‘Cheers’ for Ratzenberger’s Take on Skills Shortage


As a man who continues to make more than a few dollars from his acting career (think mail carrier Cliff Clavin on Cheers and a character voice in every Pixar movie since Toy Story), John Ratzenberger said many are surprised when he calls for turning off the television (video games, etc.) and sending kids outside to learn how to make things.

John Ratzenberger’s Made in America on the Travel Channel has celebrated the American worker but also highlighted the pending skills crisis in America. A documentary, Industrial Tsunami, to be released in early 2011 will illustrate the threats of this skills shortage to our economy and way of life.

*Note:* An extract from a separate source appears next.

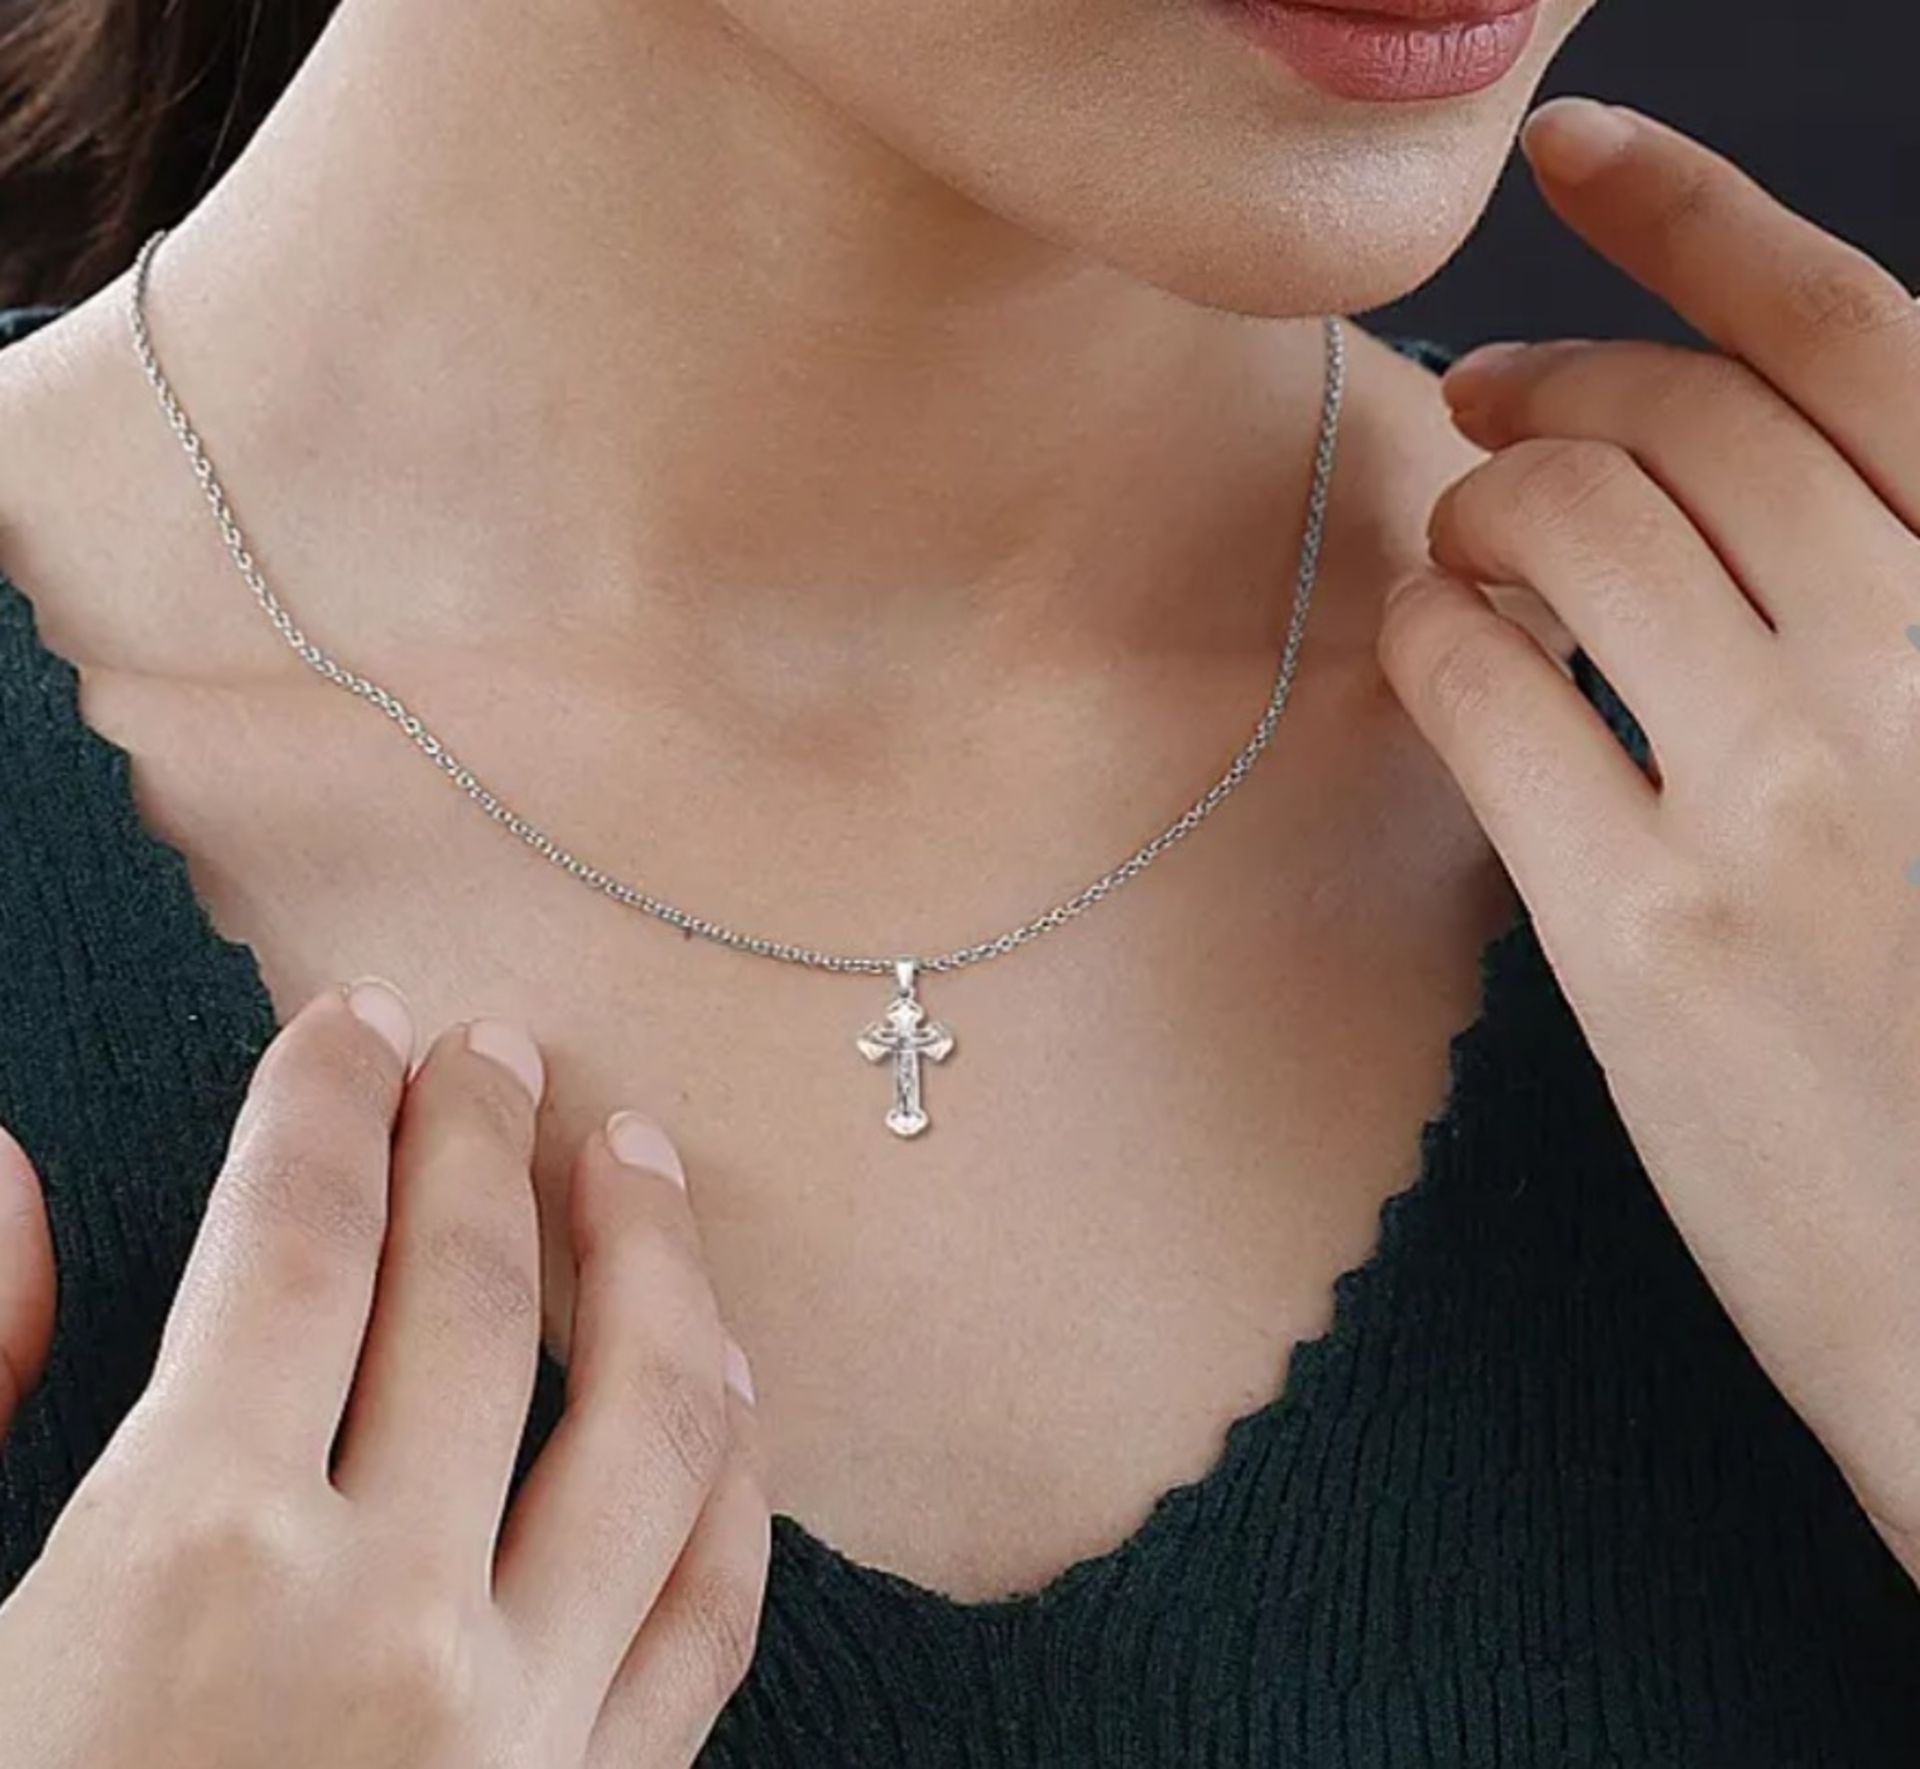 New! Sterling Silver Cross Pendant with Chain - Image 2 of 5

A few of Ratzenberger’s key points during his most interesting presentation this week to the Chamber board of directors:

  • The importance of kids playing and learning with their hands — everything from utilizing the box that contained the new appliance to building the treehouse in the backyard. Ratzenberger was a carpenter (he helped build the stage at Woodstock) and deck hand on a ship, among other jobs, during his younger days.
  • The demise of shop and auto classes in the education system. A member of the board of trustees at Pepperdine and Sacred Heart universities, he says he has advised university presidents that in addition to their areas of study, students should be required to know how to change a tire before they graduate.
  • There is a deficit of 500,000 welders in the U.S. and colleges awarded twice as many degrees a year ago in sports management than engineering.
  • "Blue collar" has almost become a dirty phrase, including in portrayals on television and in the movies.
  • The harm of the entitlement mentality among many today. "You don’t get self-esteem by being handed things; you get self-esteem by making things, by your accomplishments."
  • High standards are a must — in education and all aspects of life. Ratzenberger continues his 15-year relationship with Pixar because it refuses to lower its standards when producing its movies.
  • His top piece of advice for business men and women: get involved in your schools and make a difference.